==== GIVEN INFORMATION
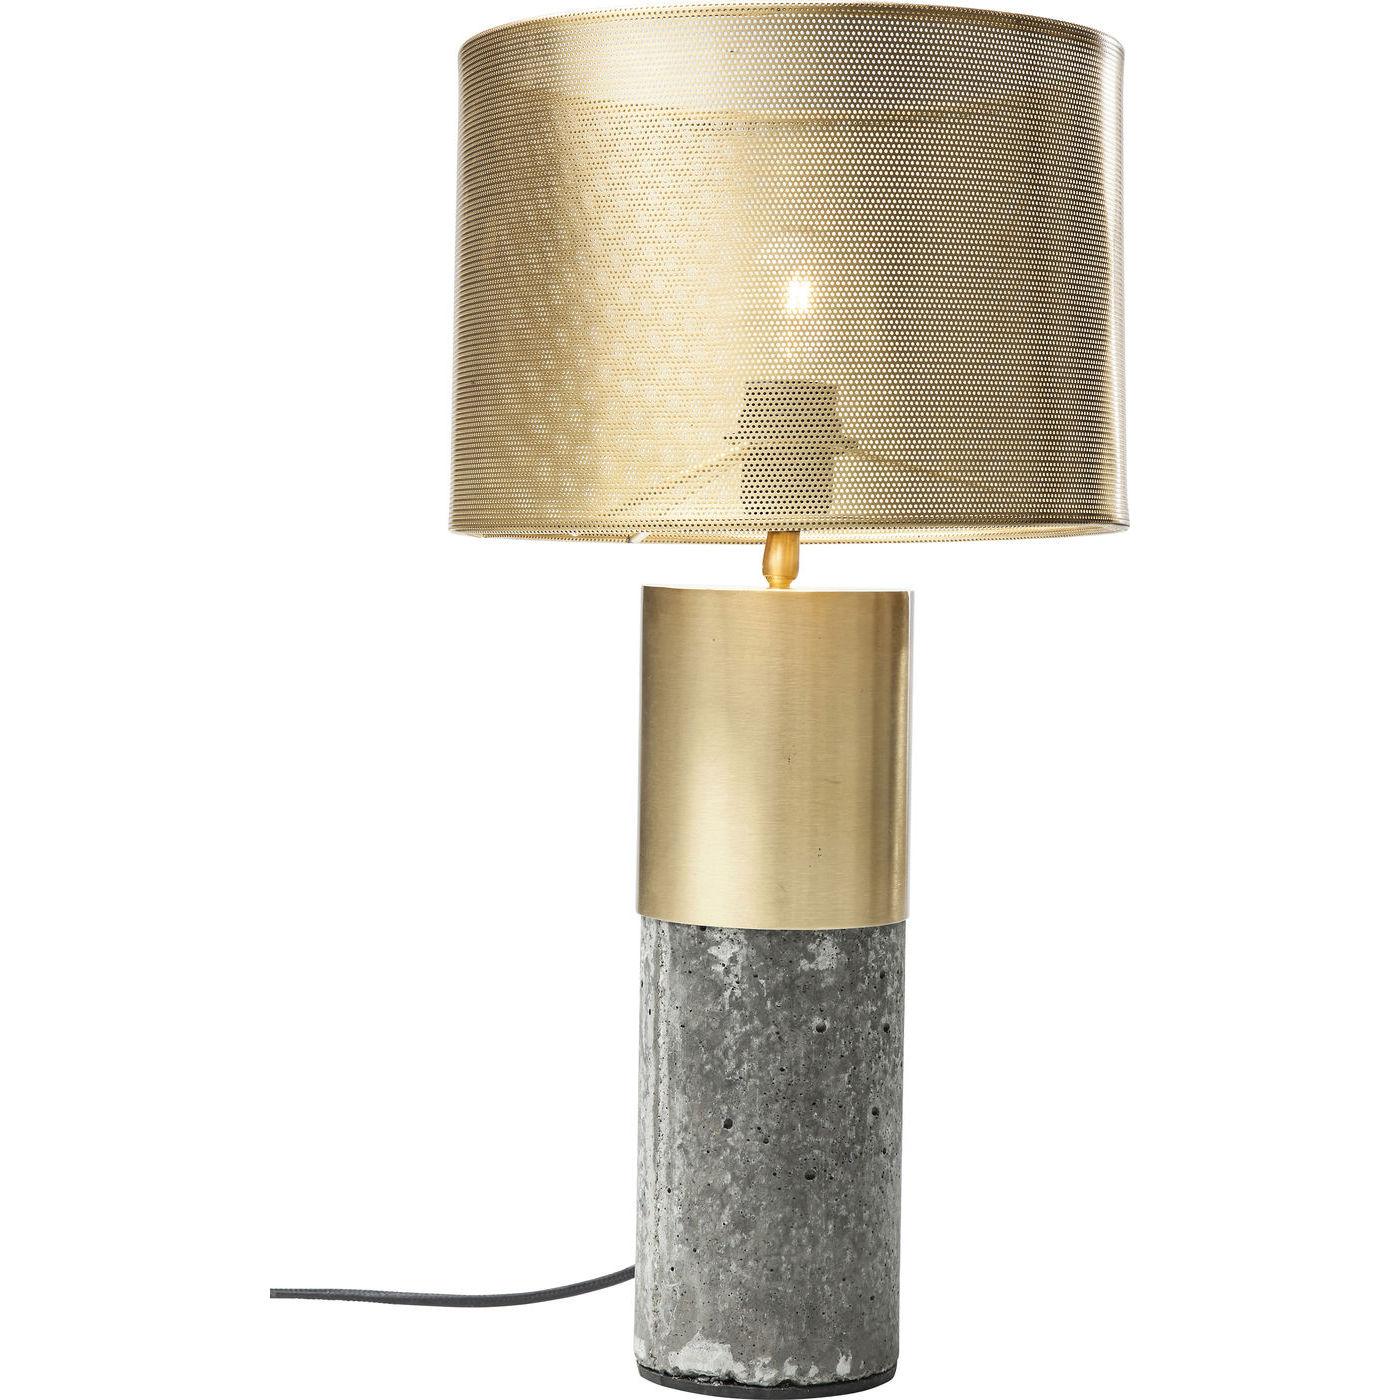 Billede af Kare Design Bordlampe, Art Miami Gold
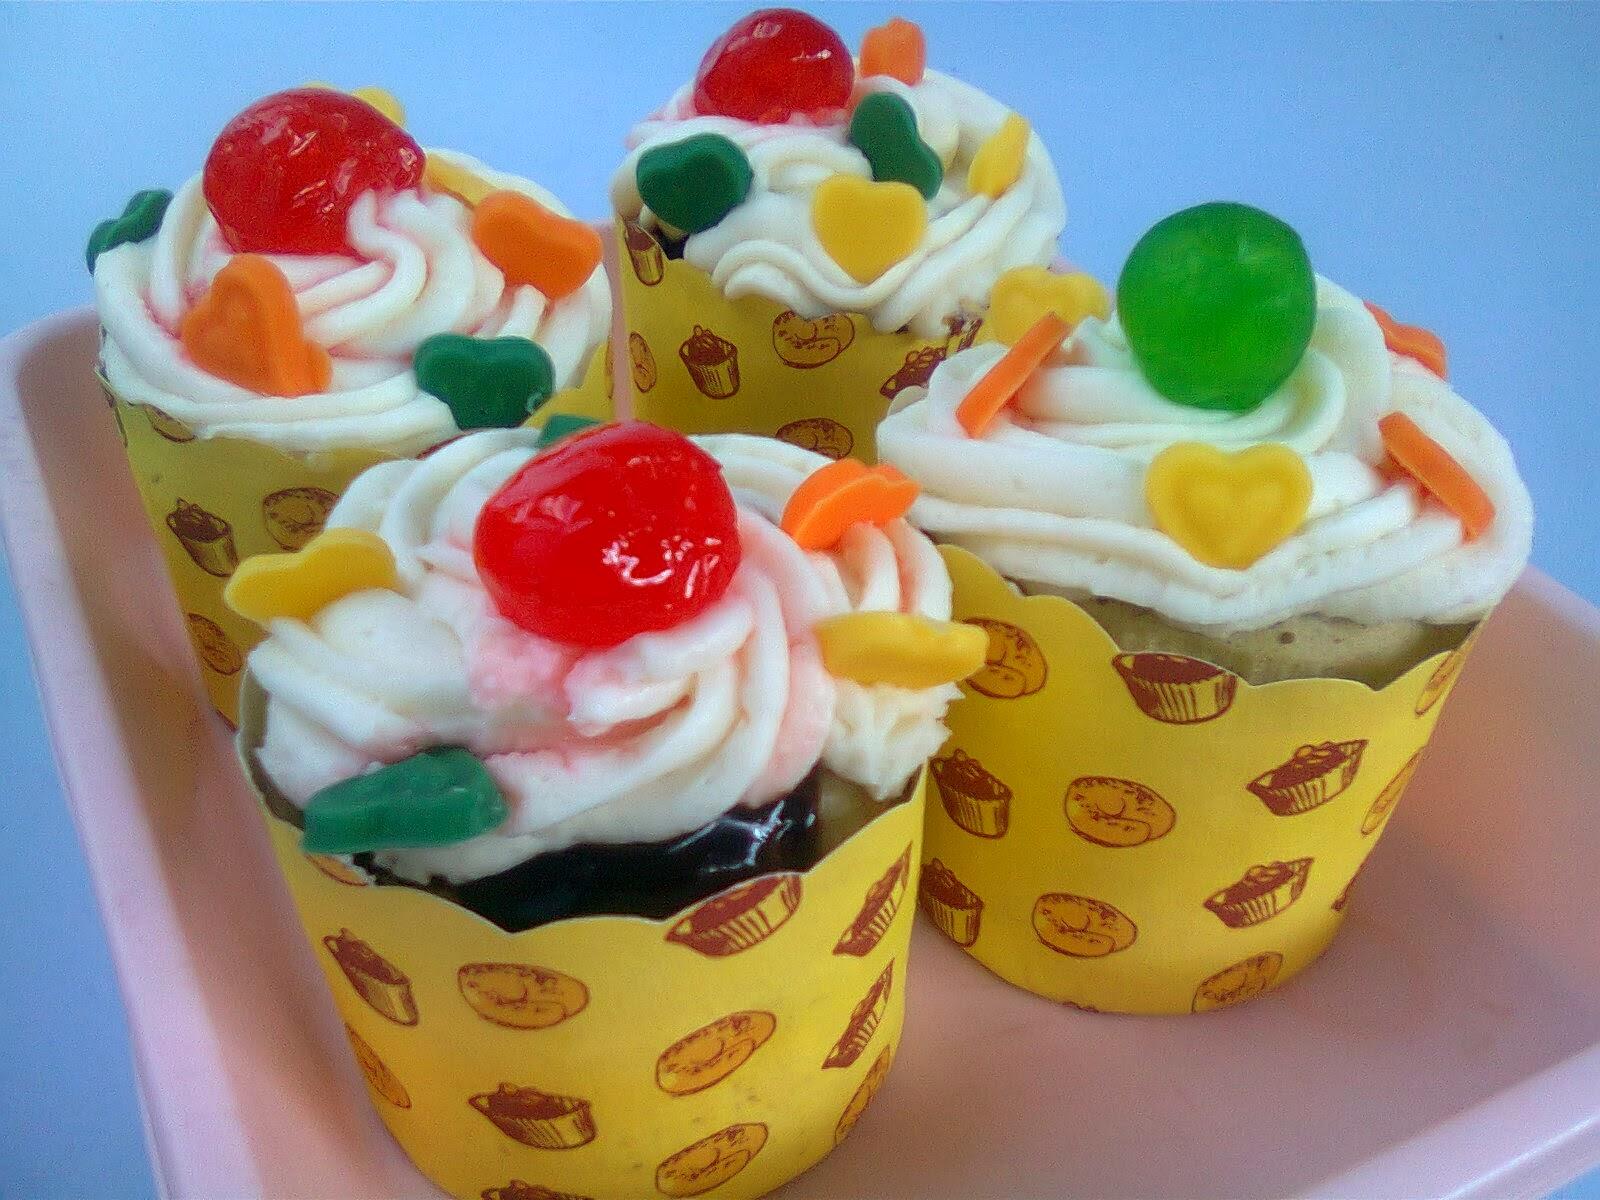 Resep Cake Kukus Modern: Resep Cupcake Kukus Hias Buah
========
==== GIVEN INFORMATION
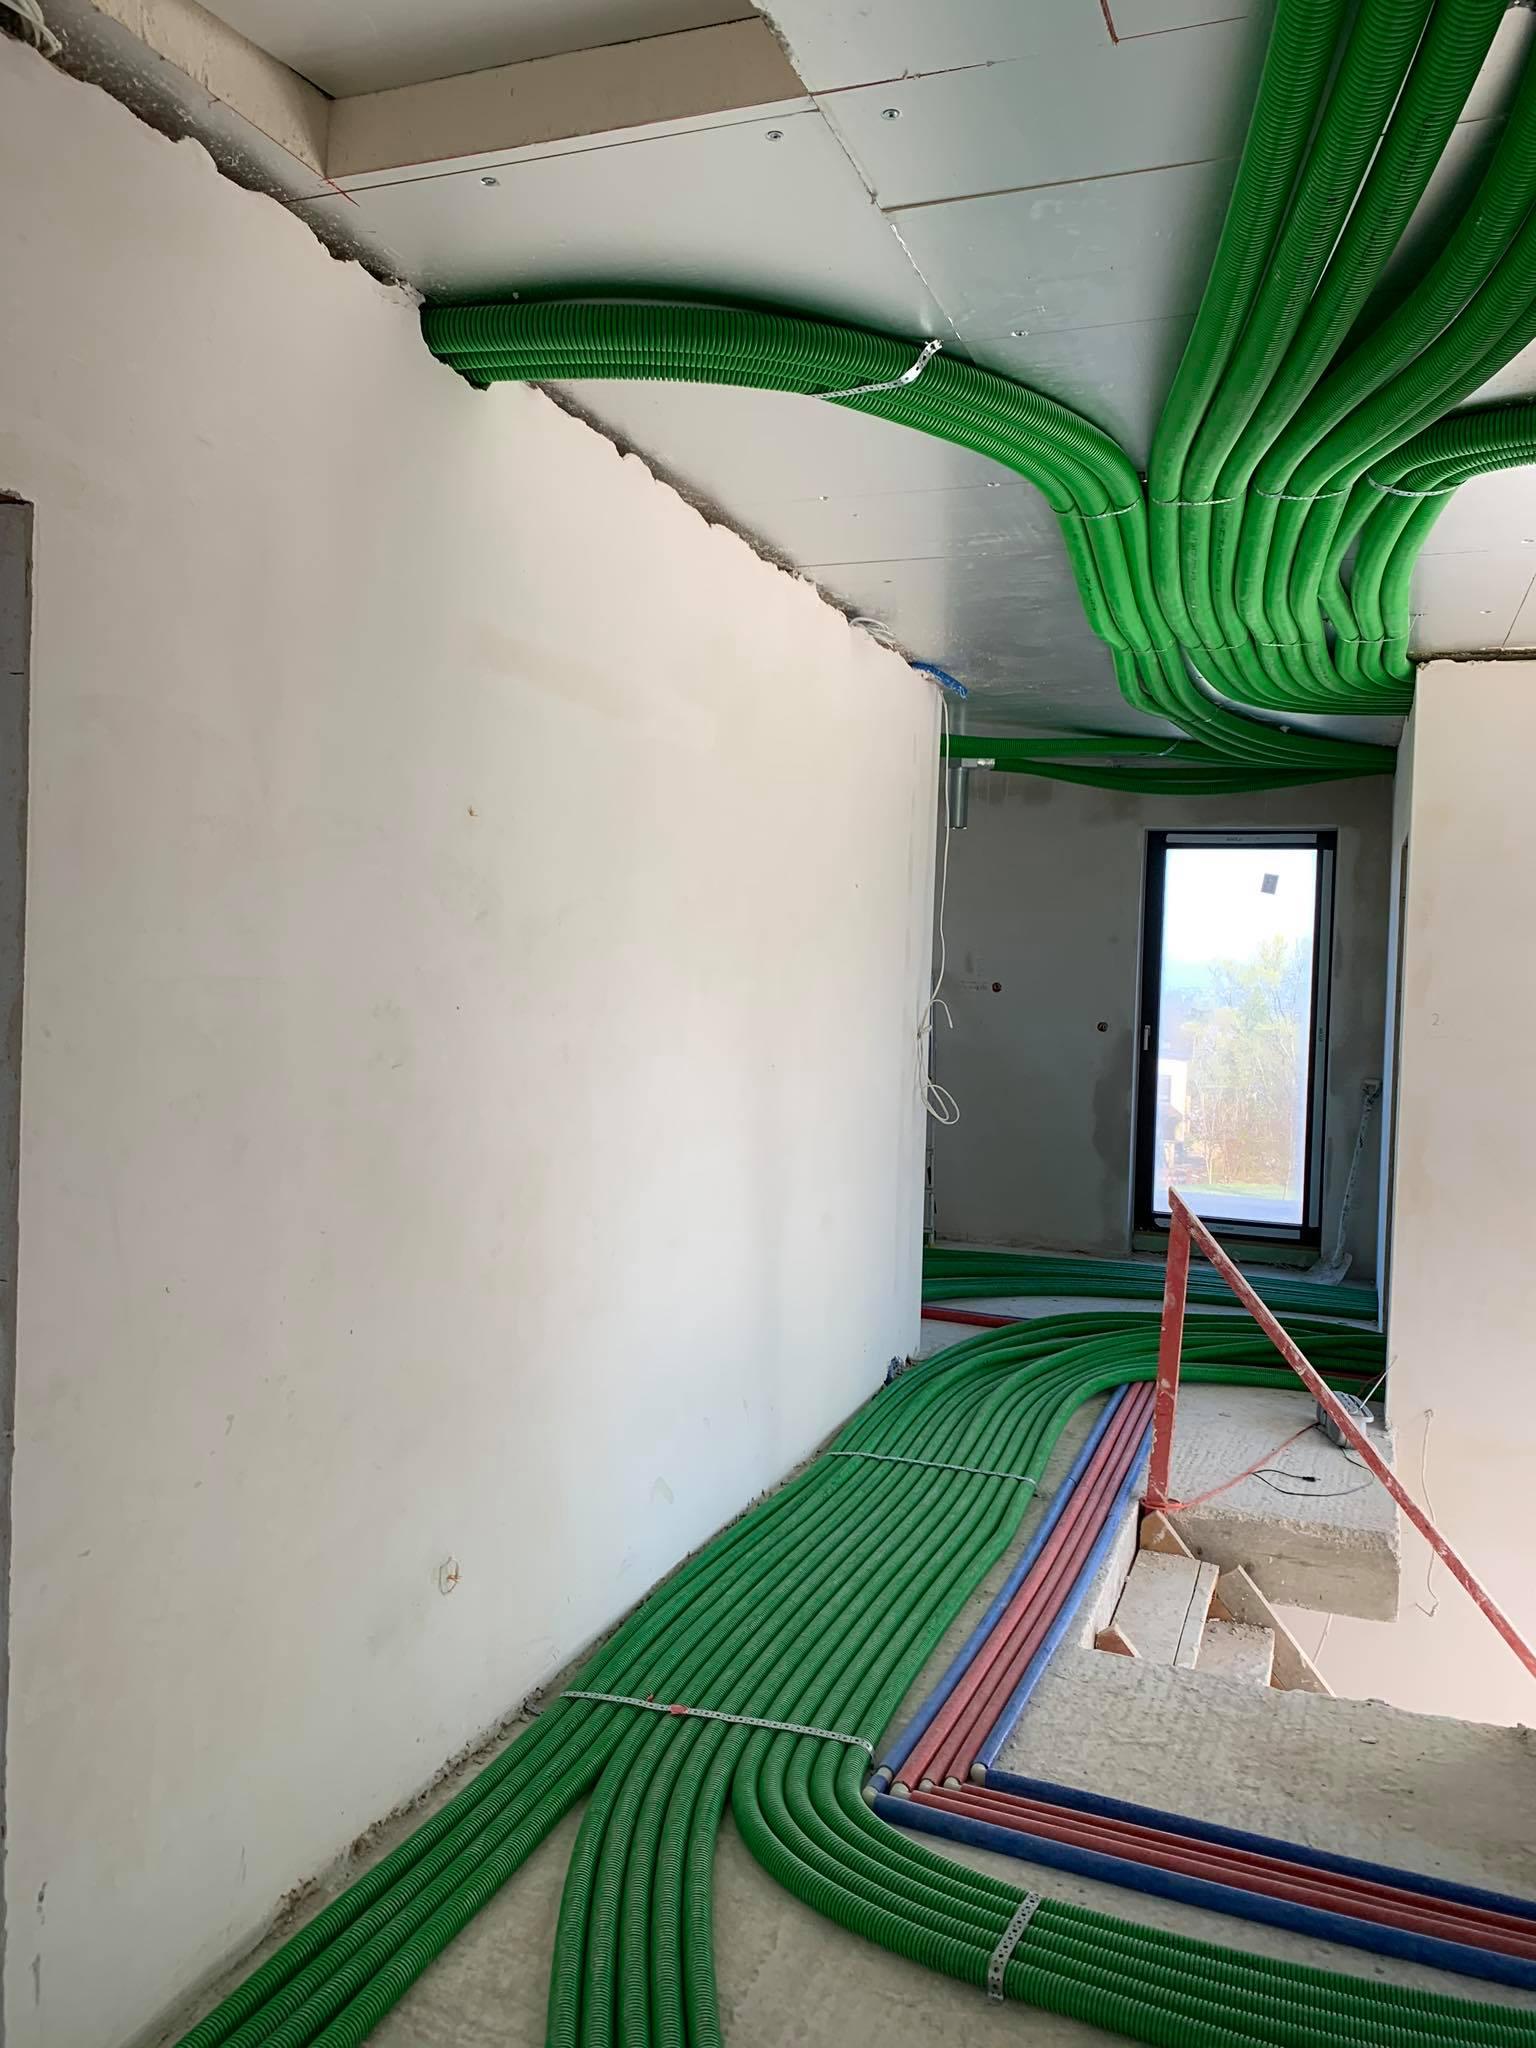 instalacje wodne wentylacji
========
INSTRUCTIONS TO FOLLOW: Repeat exactly the lines above, from the line that contains "Billede af Kare" down through the line that contains "Resep Cake Kukus". Include both of those lines and none of the pictures.

OUTPUT FOR THIS EXERCISE:
 Billede af Kare Design Bordlampe, Art Miami Gold
 Resep Cake Kukus Modern: Resep Cupcake Kukus Hias Buah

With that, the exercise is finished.